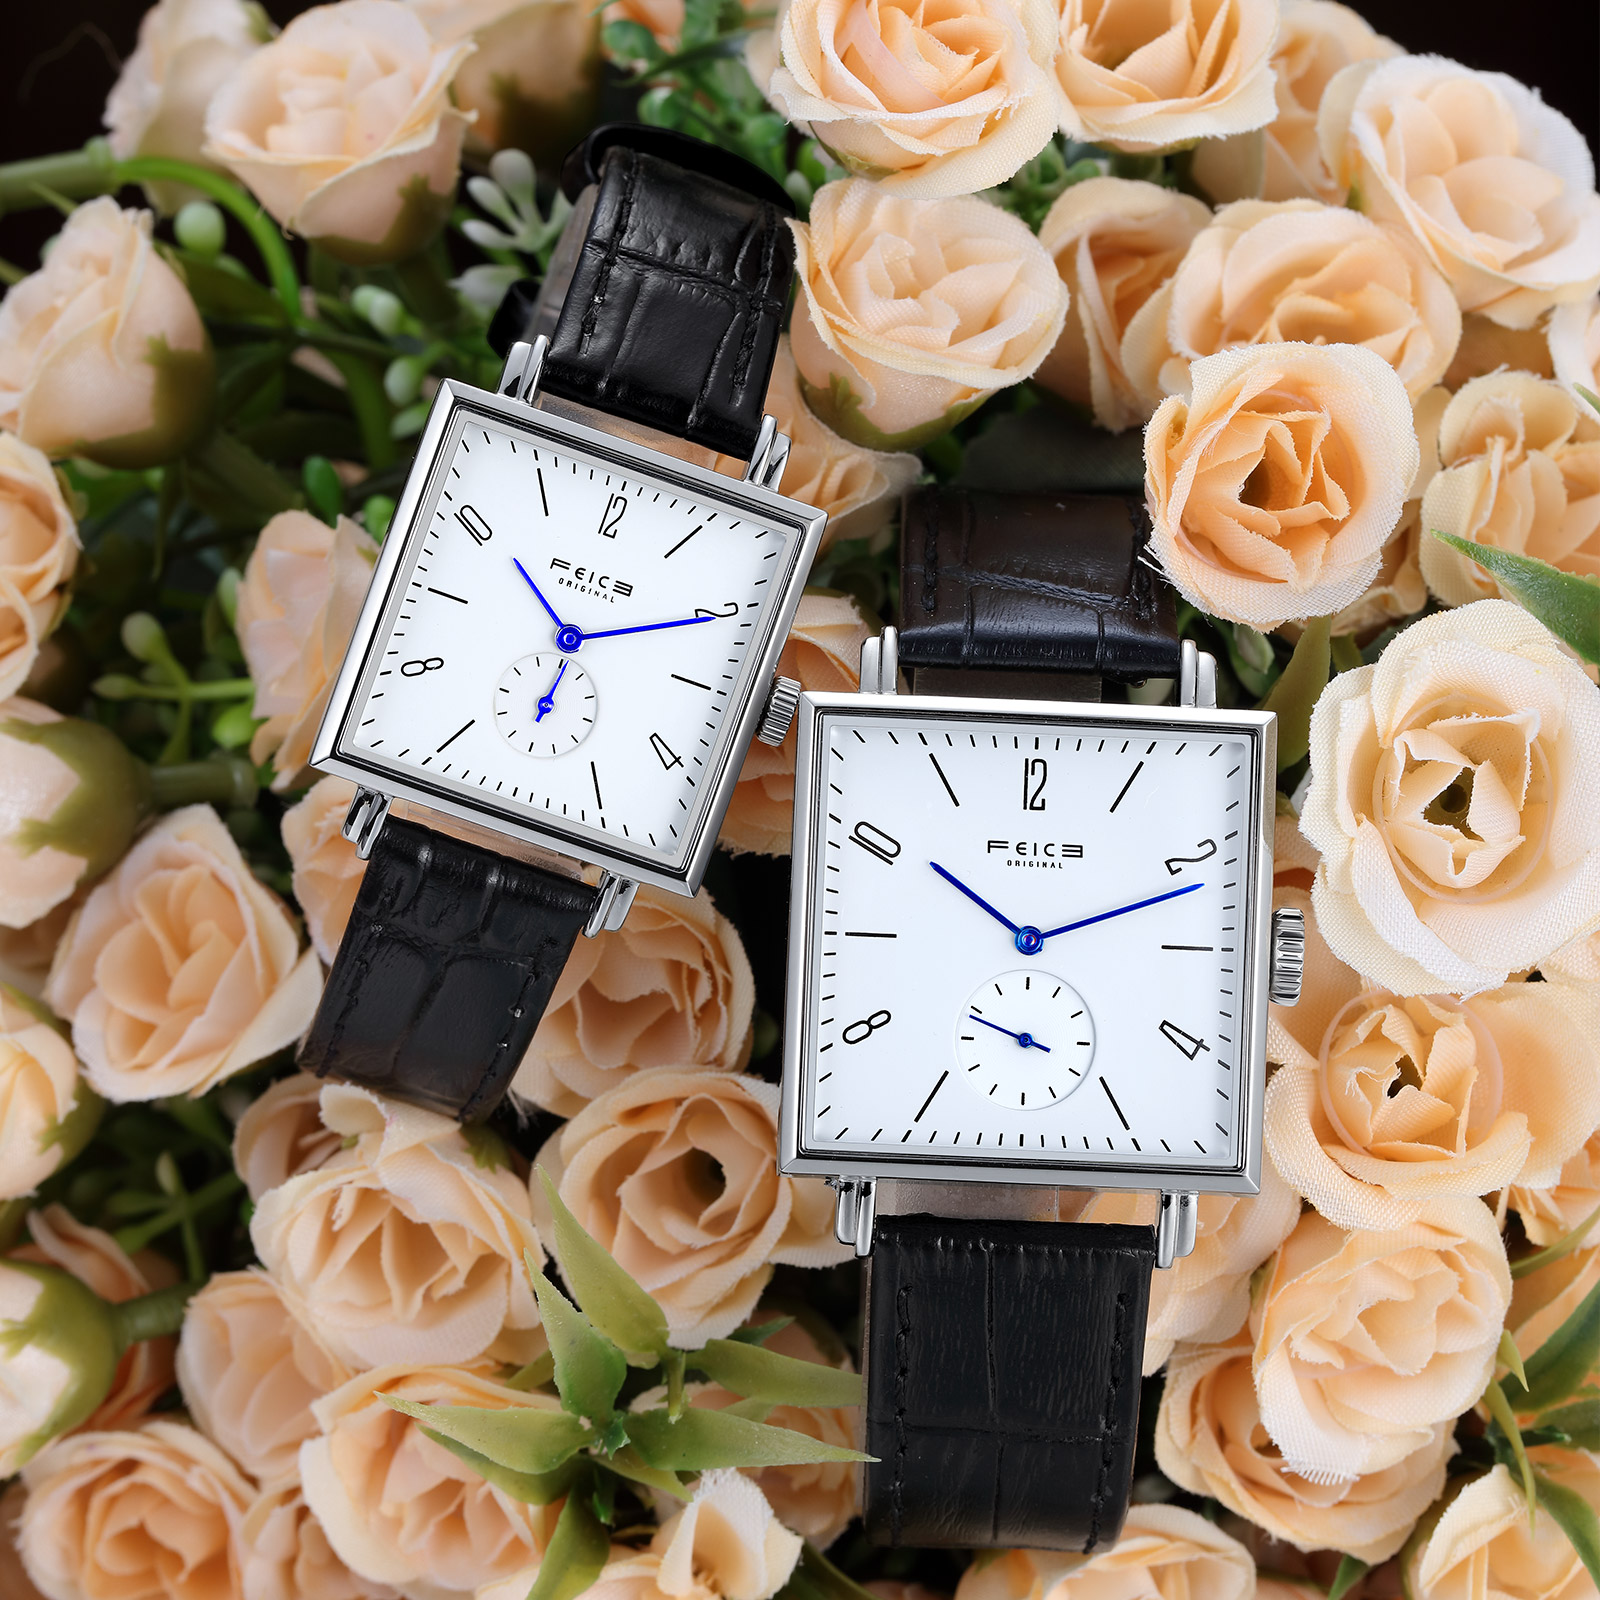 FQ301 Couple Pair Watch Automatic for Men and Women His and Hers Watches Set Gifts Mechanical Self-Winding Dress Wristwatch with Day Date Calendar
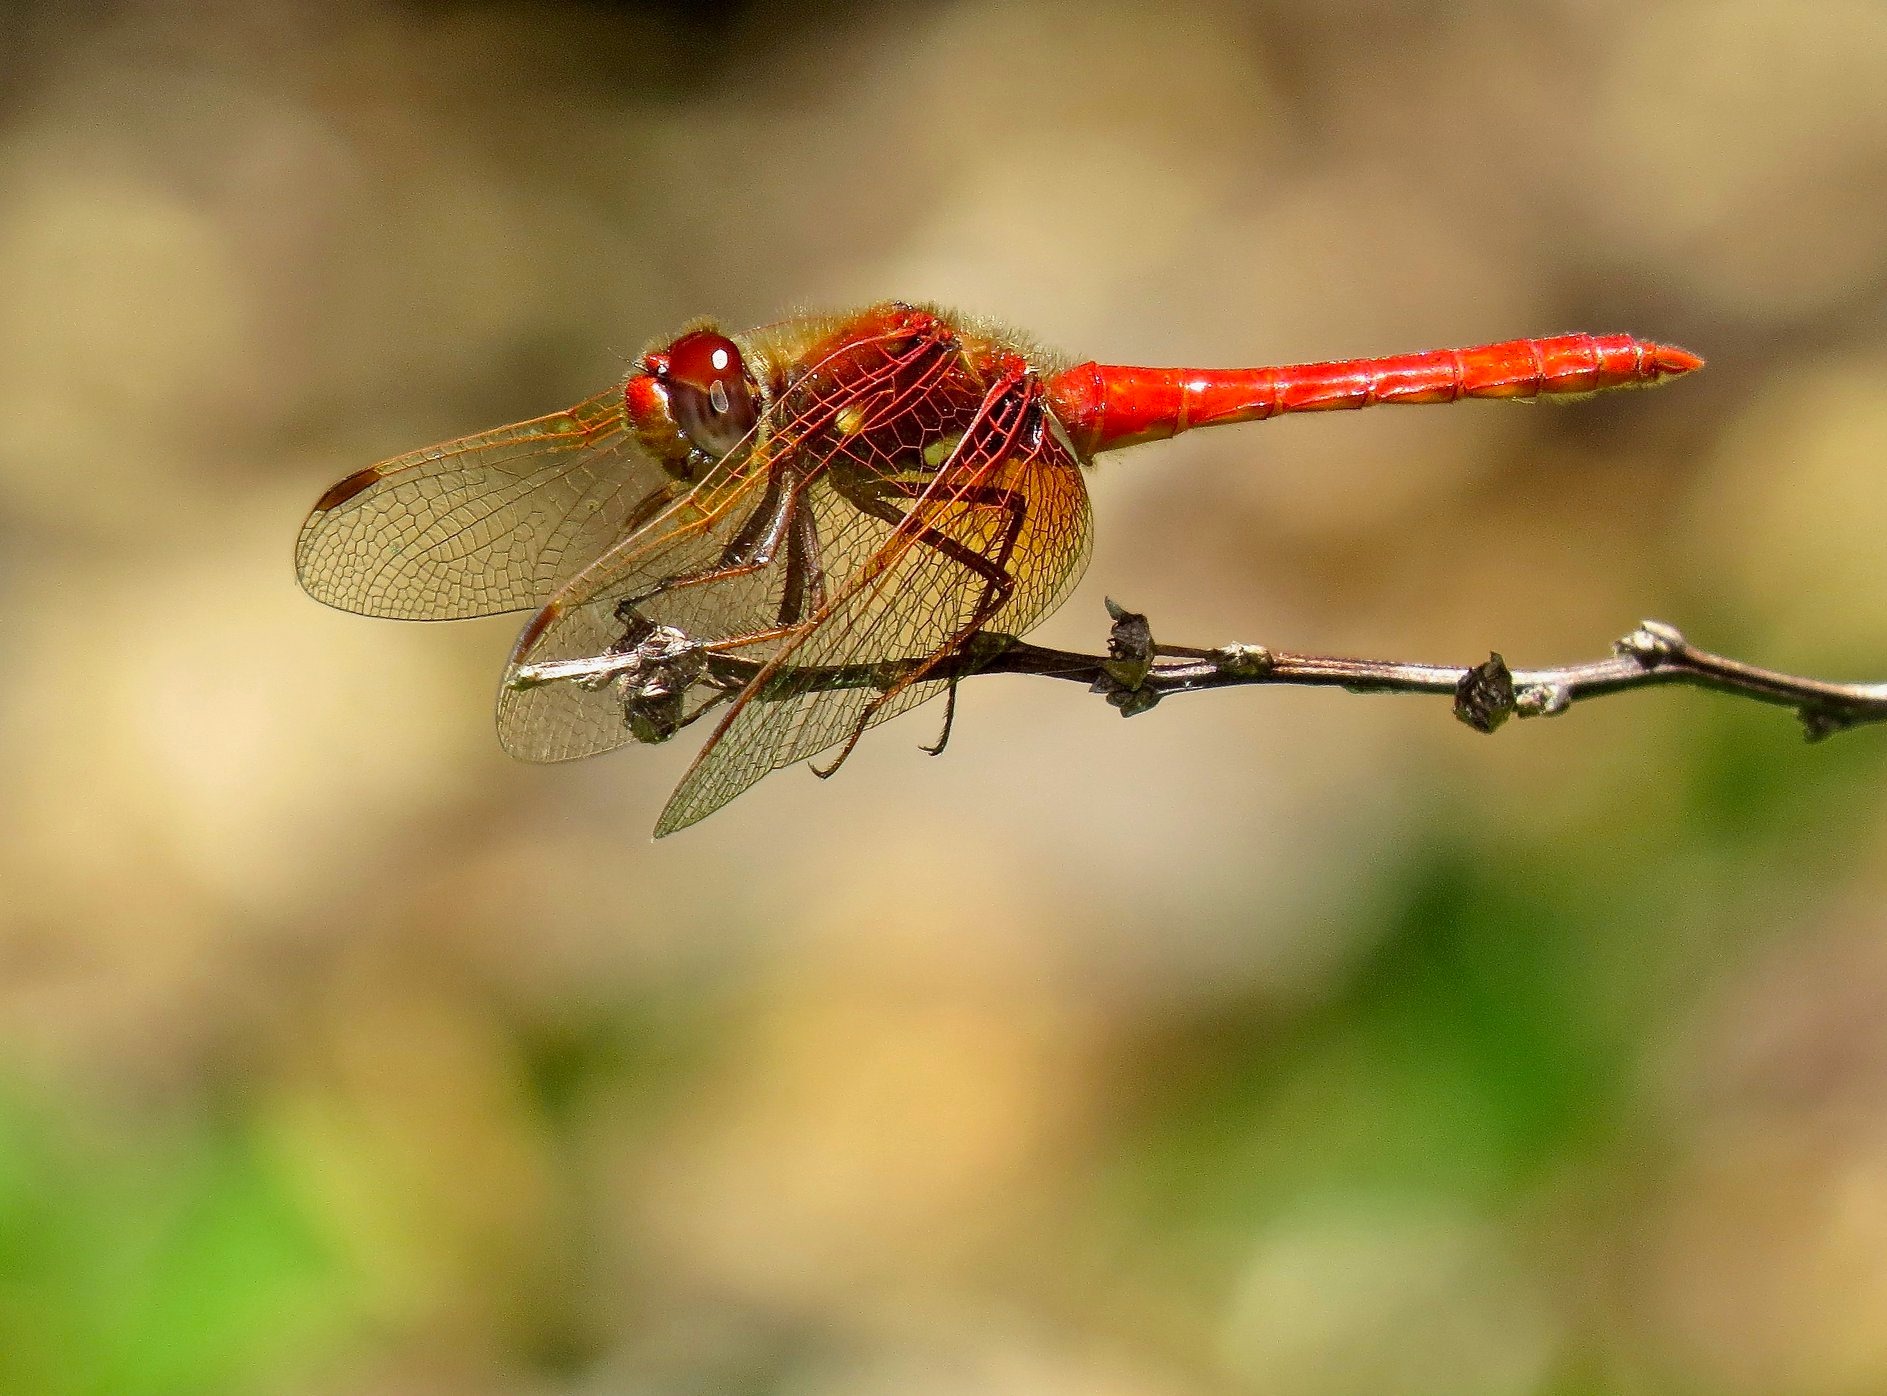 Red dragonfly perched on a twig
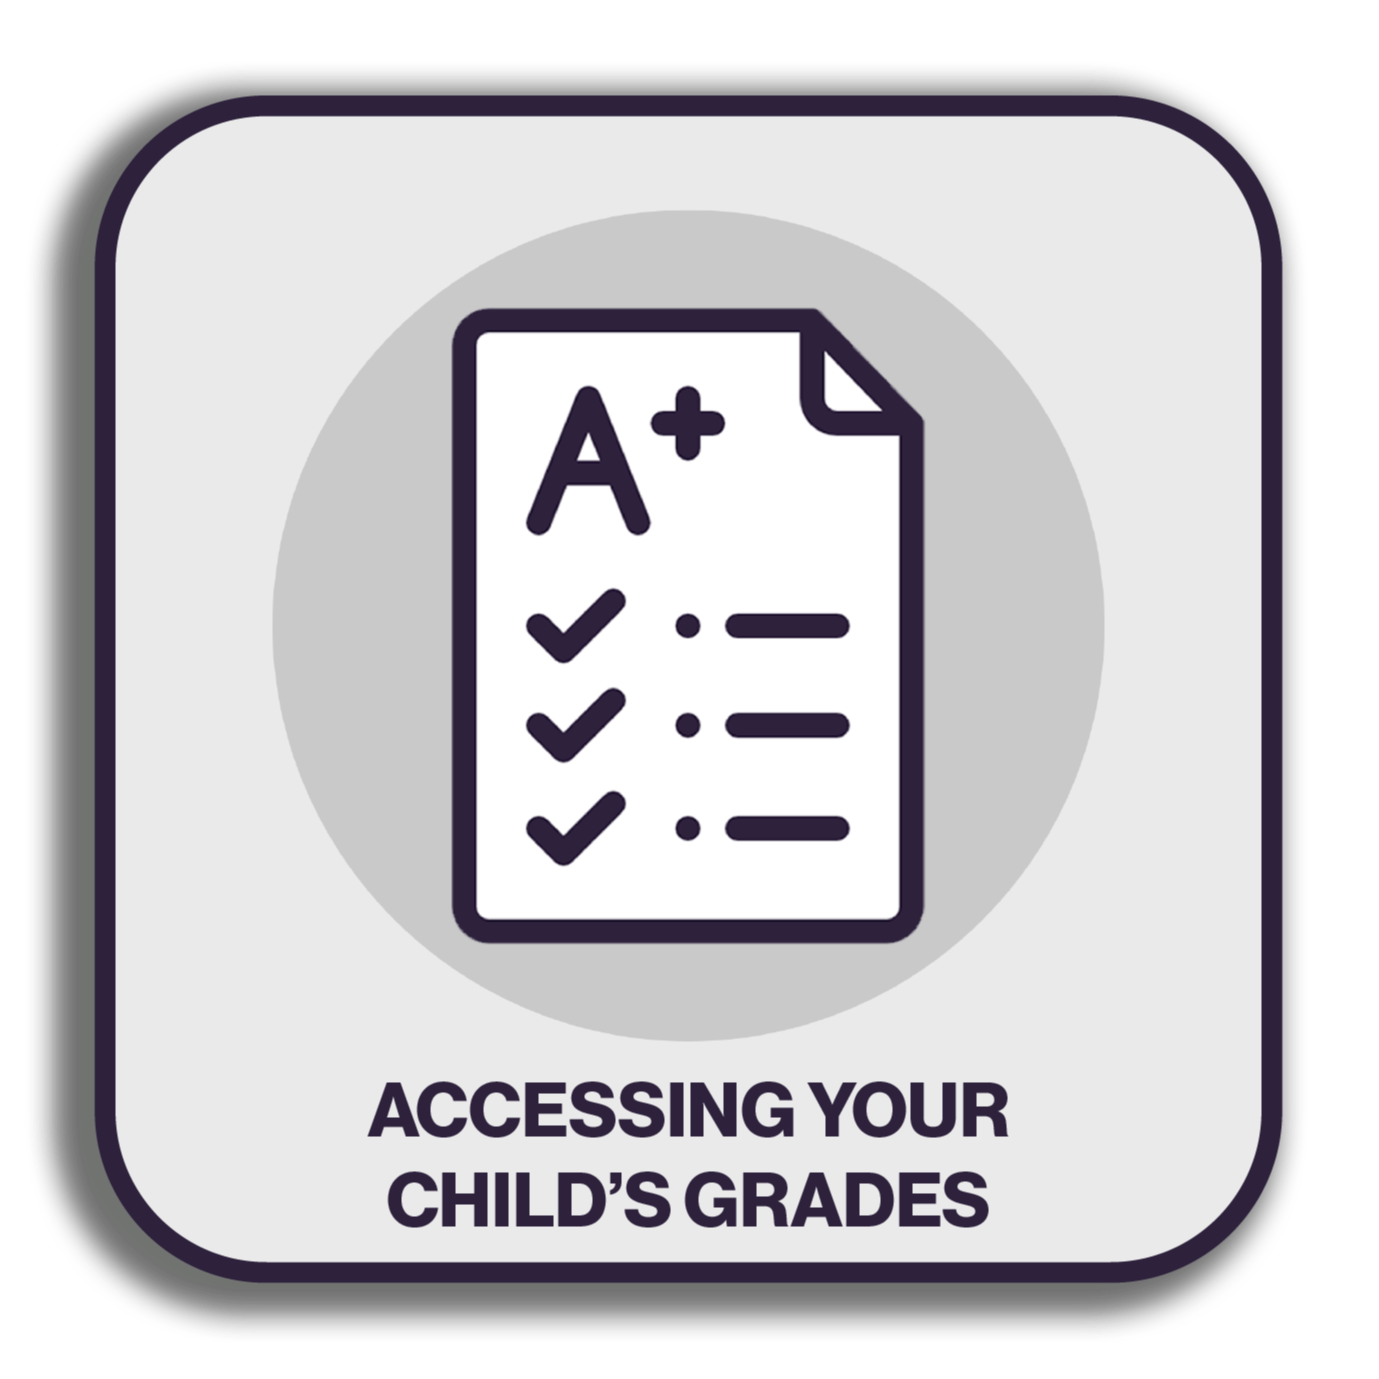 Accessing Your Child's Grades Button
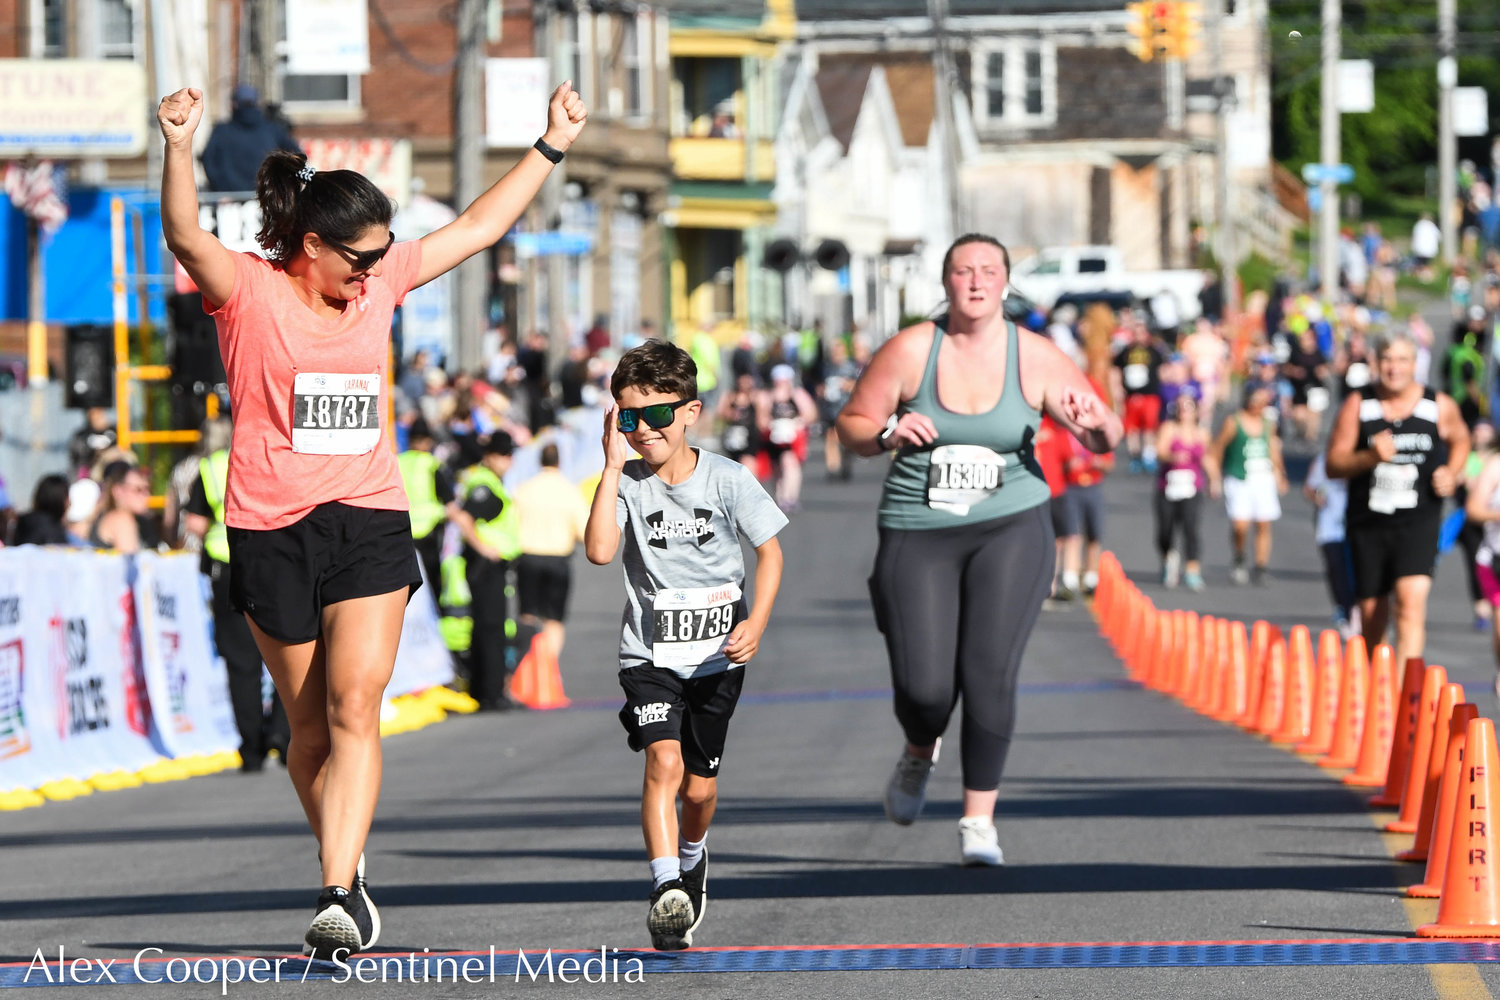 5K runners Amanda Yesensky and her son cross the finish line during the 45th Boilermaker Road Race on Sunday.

★ ★ ★ ★ ★

Work required = Leave the pictures out and output all of the data verbatim.

Exercise answer =
 FQ301 Couple Pair Watch Automatic for Men and Women His and Hers Watches Set Gifts Mechanical Self-Winding Dress Wristwatch with Day Date Calendar
 Red dragonfly perched on a twig
 Accessing Your Child's Grades Button
 5K runners Amanda Yesensky and her son cross the finish line during the 45th Boilermaker Road Race on Sunday.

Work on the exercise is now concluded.